While we were talking Helene also asked if there were any eggs in shortbread. The answer is no.

Shortbread is a particular type of cookie that has a 1-2-3 recipe. One part sweetener (usually sugar), two parts butter (or other shortening), three parts flour (although old-fashioned shortbread was and is made with oats) and then enhanced with flavorings and or spices. The "short" refers to the crumbly dough. Fat retards gluten so even if you used wheat flour, the high amount of fat would prevent the dough from forming long gluten strands.

Helene's Coconut Almond Cookies:

Ingredients
  

  • 1 c. coconut Flour
  • 1 1/2 c.
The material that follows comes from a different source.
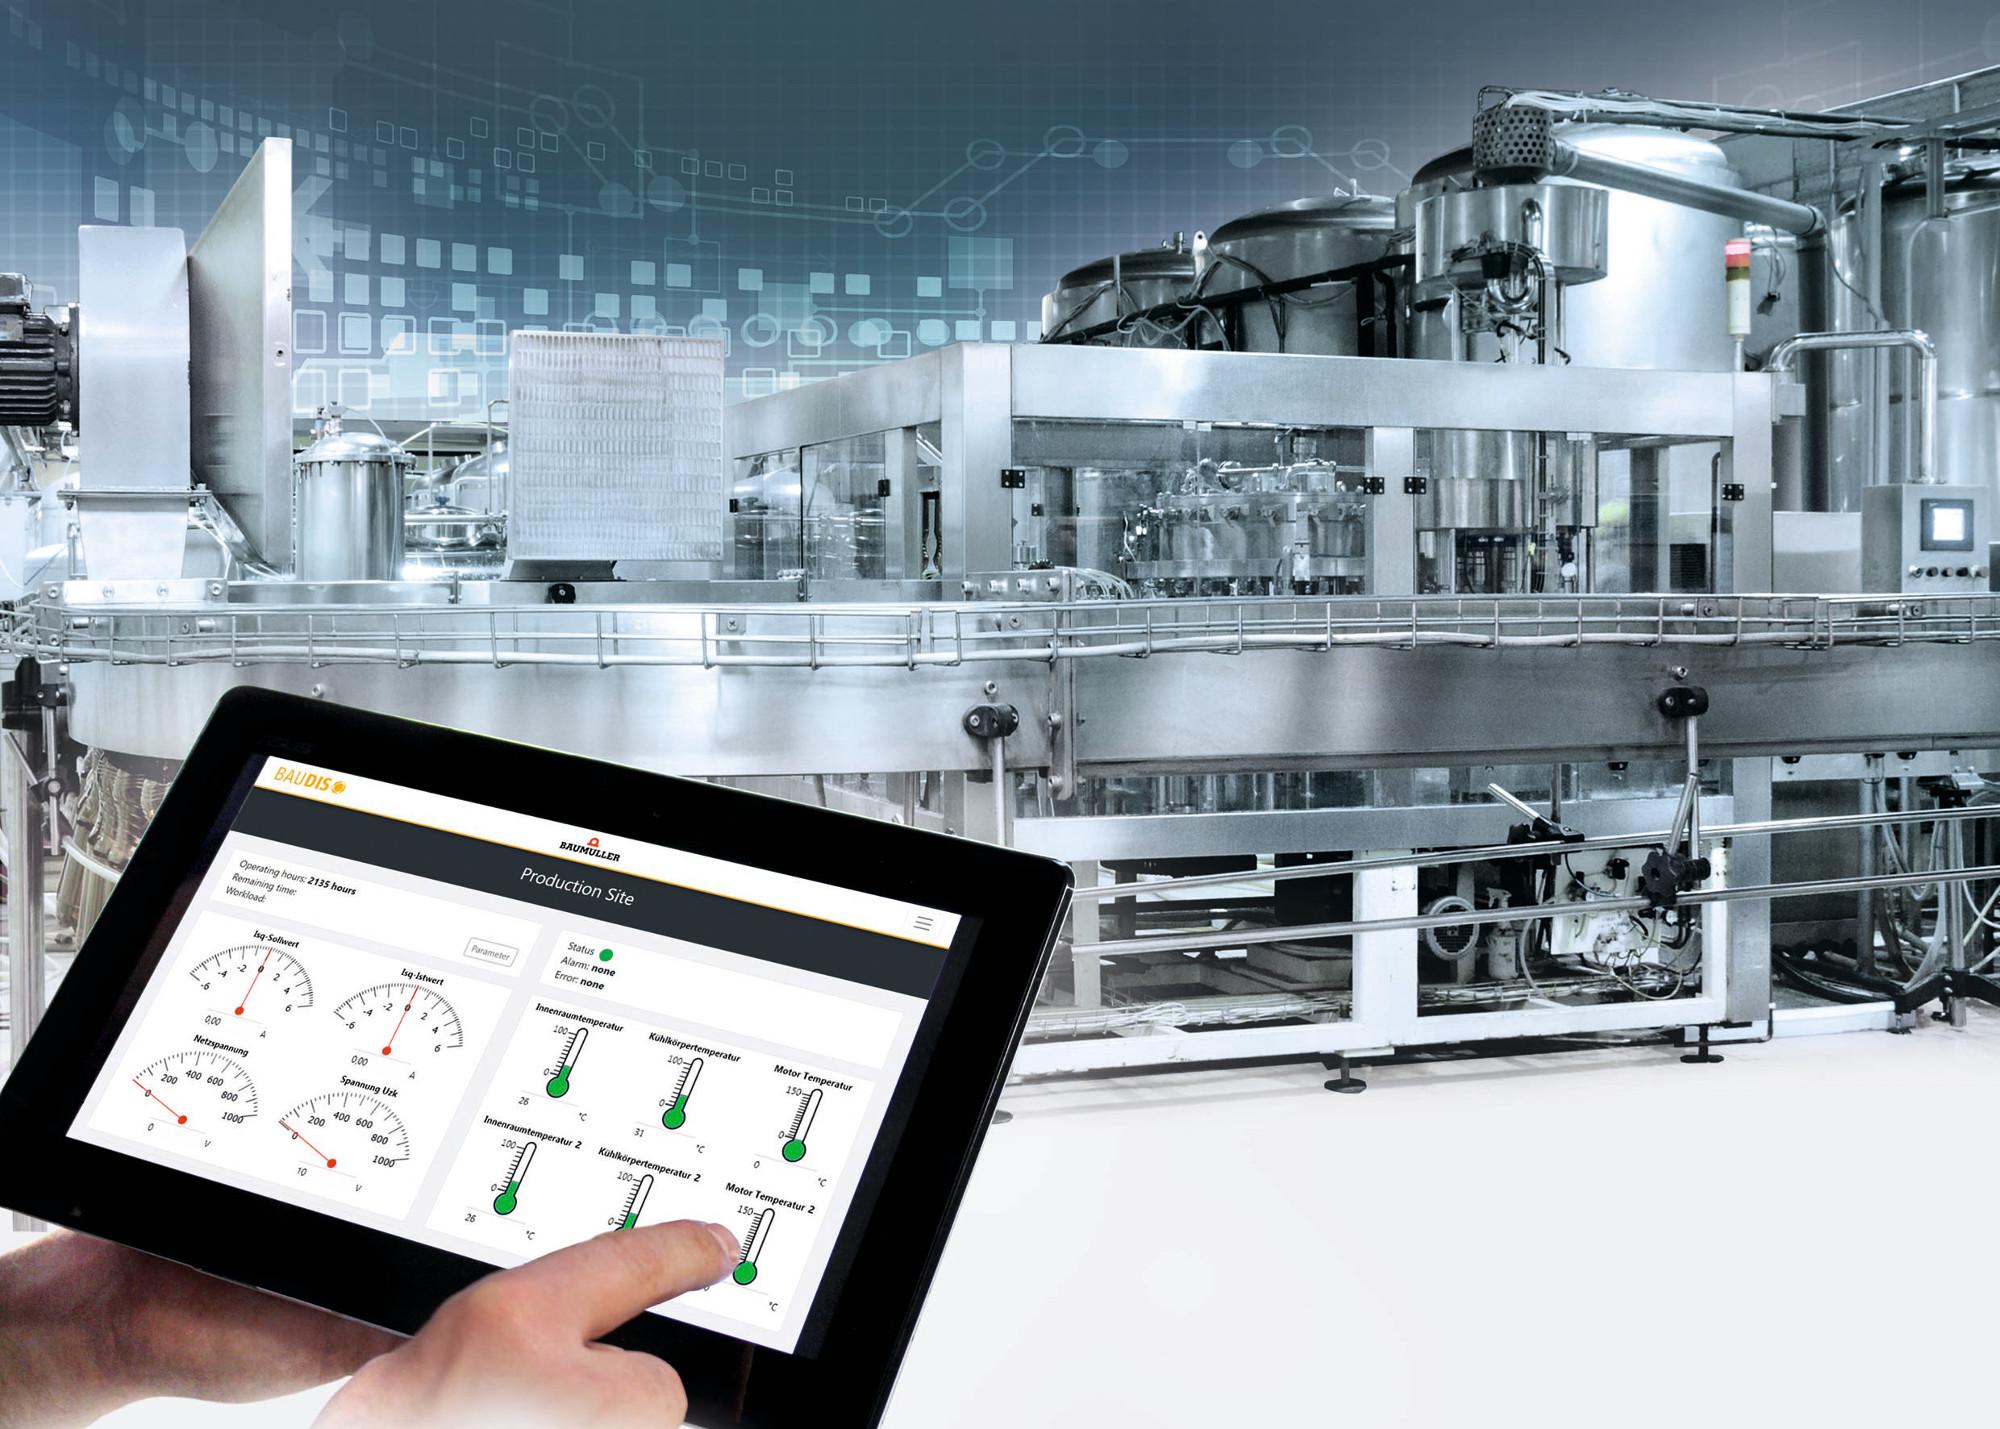 Produktionsoptimierung mit BAUDIS IoT: Kontinuierliche Erfassung von Antriebs- und Prozessdaten aus verschiedenen Produktionslinien weltweit.

Almond Meal
  • 1/2 tsp salt
  • 1/2 c. butter
  • 1/4 c. honey
  • 1 Tbsp Almond Extract

Instructions
 

  • Mix the dough together in a cuisinart until a ball forms
  • Freeze dough for approximately 30 mins
  • Preheat oven to 350 deg F
  • Roll dough between two sheets of was paper
  • Cut cookies using a cookie or biscuit cutter
  • Bake for 7 mins, remove to wire rack to cool

Shortbread cookies are typically baked low and slow so they will be very light in color. They can be formed in long rectangles, also called fingers, large circles which are cut into triangles as soon as they are removed from the oven, or small round biscuits. Although most people think of them as Christmas cookies, shortbread can also be made savory (such as this Parmesan Shortbread from Epicurious).